So anyways we made our selection and now we have a nice prospect for schutzhund sport and hopefully breeding but only time will tell.

Zesta's father is V Unkas zum Jürgenshof(SG BSP, 15 times SCH3, RH1, KKL1a, a-normal)
http://www.pedigreedatabase.com/gsd/pedigree/318978.html

and the mother is SG Korinna von der Huelhin Haus(sch1, kk2, ofa good)
http://www.pedigreedatabase.com/gsd/pedigree/380353.html


----------



## Robert Blok (Jul 26, 2006)

Hi Dan,

Sounds like oyu'll have some fun with this pup. You have v.Karthago in both parents, I spend a day with Herr Kemmer (v.Karthago Kennels) last month. Great people and a ton of knowledge, was great listening to his stories.
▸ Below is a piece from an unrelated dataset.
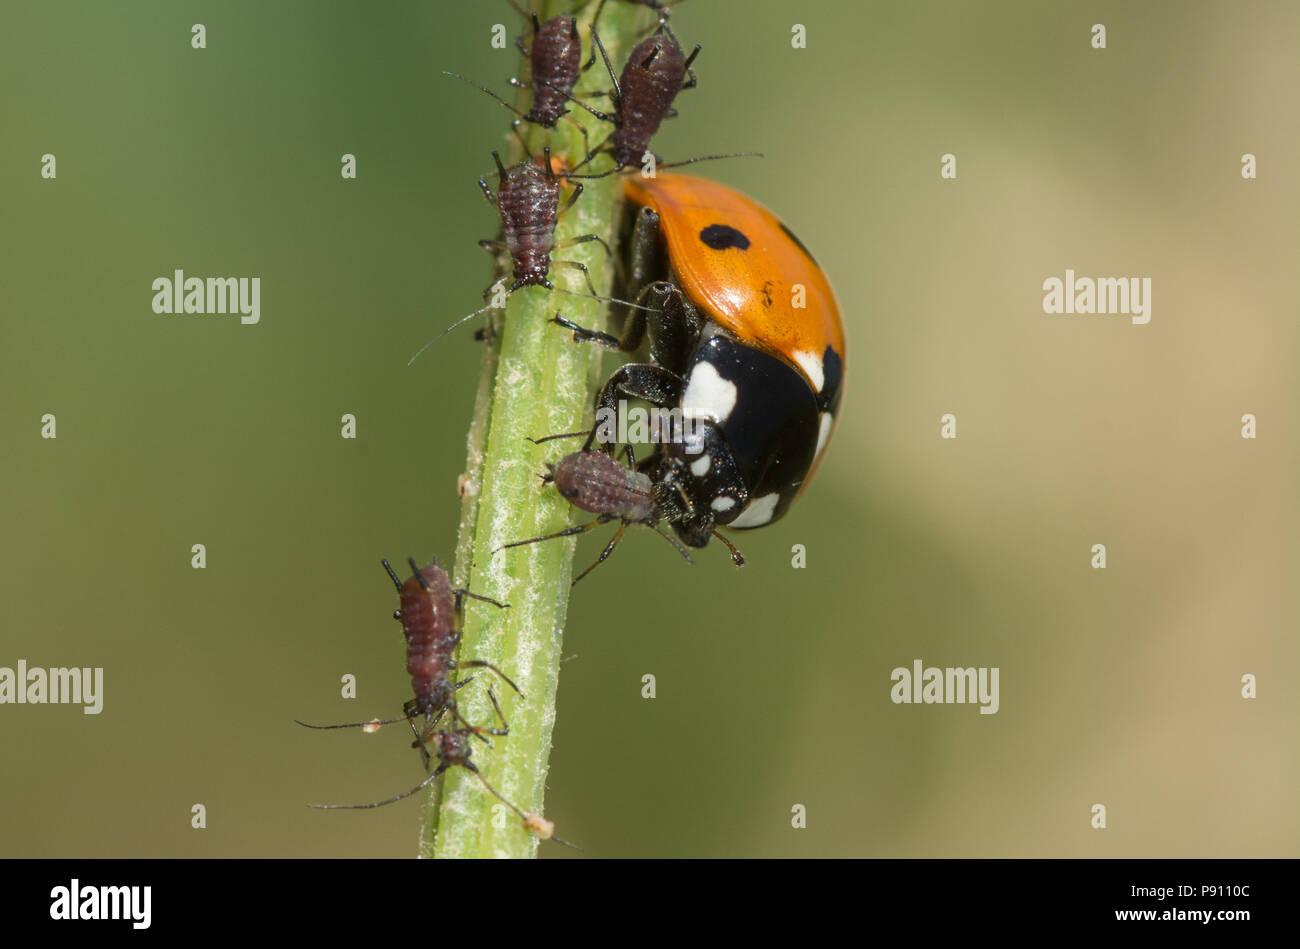 seven-spot-ladybird-coccinella-septempunctata-feeding-on-an-aphid-on-a-plant-stem-P9110C.jpg
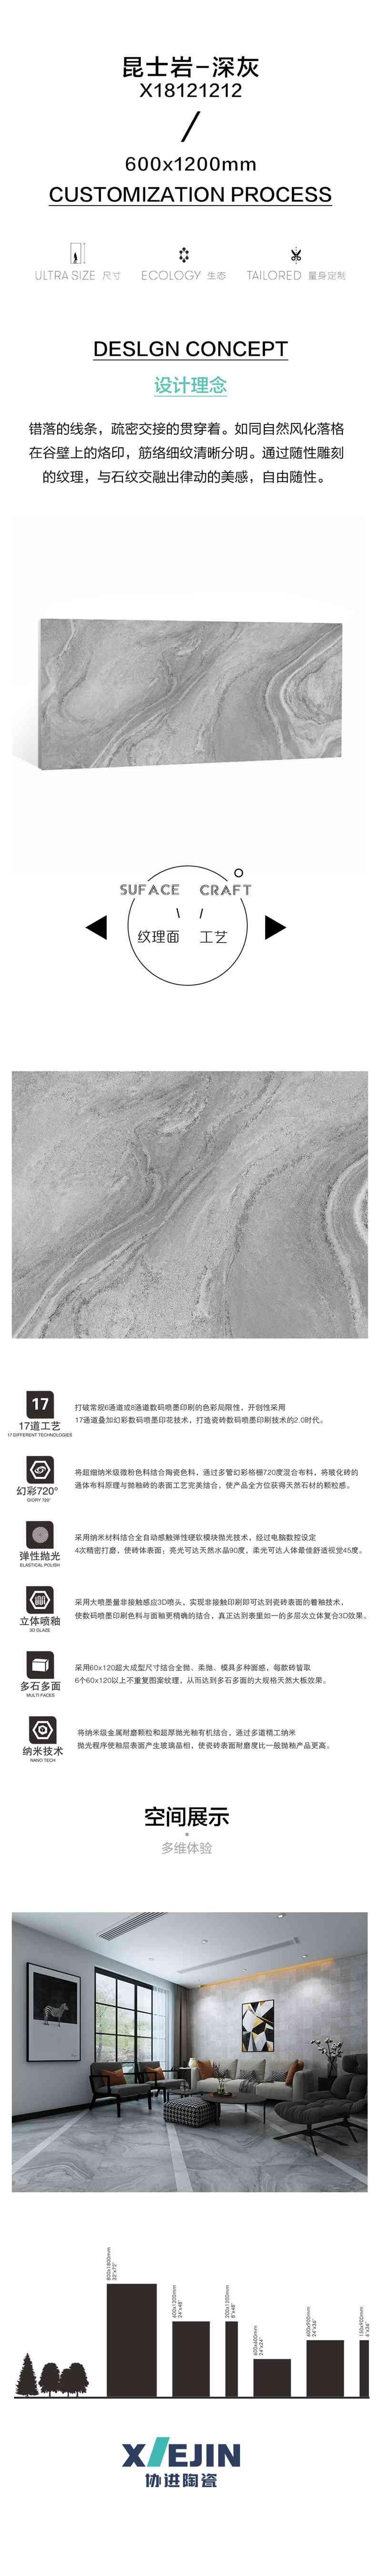 X18121212--19.jpg

Arthur is like his dogs, very sharp and always up for a joke.

Robert


----------



## Colin Chin (Sep 20, 2006)

Hi All,
I learn something today and it will beneficial to me next year when I select my own pup.
:wink: 

Regards,
Colin


----------



## Colin Chin (Sep 20, 2006)

Hi Dan,
How's Zesta doing ? Hope she's doing well. Mind sharing her progress with us here ? Cheers.


----------



## Carol Boche (May 13, 2007)

Hi Daniel, 

Congratulations on your new addition. Sounds like a lot of fun!!

I do allow certain toys in the crate or kennels with the pups. Usually it is a kong toy. Something that is fairly indestructable and safe for a youngster. 

If I have a pup that is restless in the crate, I give a kong filled with cream cheese or peanut butter with some kibble or other crunchy treats mixed in that has been frozen. 

Takes them a while to work on and also takes their mind off of being in the crate. The frozen kongs are great for teething monsters as well. 

I also use the everlasting fireplug toys...they are softer than a kong and you can fill them with mini soft treats and the pup has to roll it around a little to dislodge the prize. Again, this is to keep them occupied while they are crated and it also helps teach them that the crate is a fun place to be.


----------



## Jack Martin (Feb 12, 2008)

I tend to do the same as Carol. IMO it can help with anxiety when being left alone. It is a must that is not something that can be swallowed or chewed apart. One of my pups recently swallowed a stuffed lobster in less than a minute when an older male tried to get it from her. I was lucky and it passed.[-o<


----------



## Kadi Thingvall (Jan 22, 2007)

I leave safe toys in the kennel with my pups. If you have a high drive, oral pup, if you don't leave them something suitable to play with they will find something to play with. This can result in chewing chain link, chewing metal feed bowls, chewing on the dog house, etc All bad habits, and potentially very destructive to their teeth over time.


----------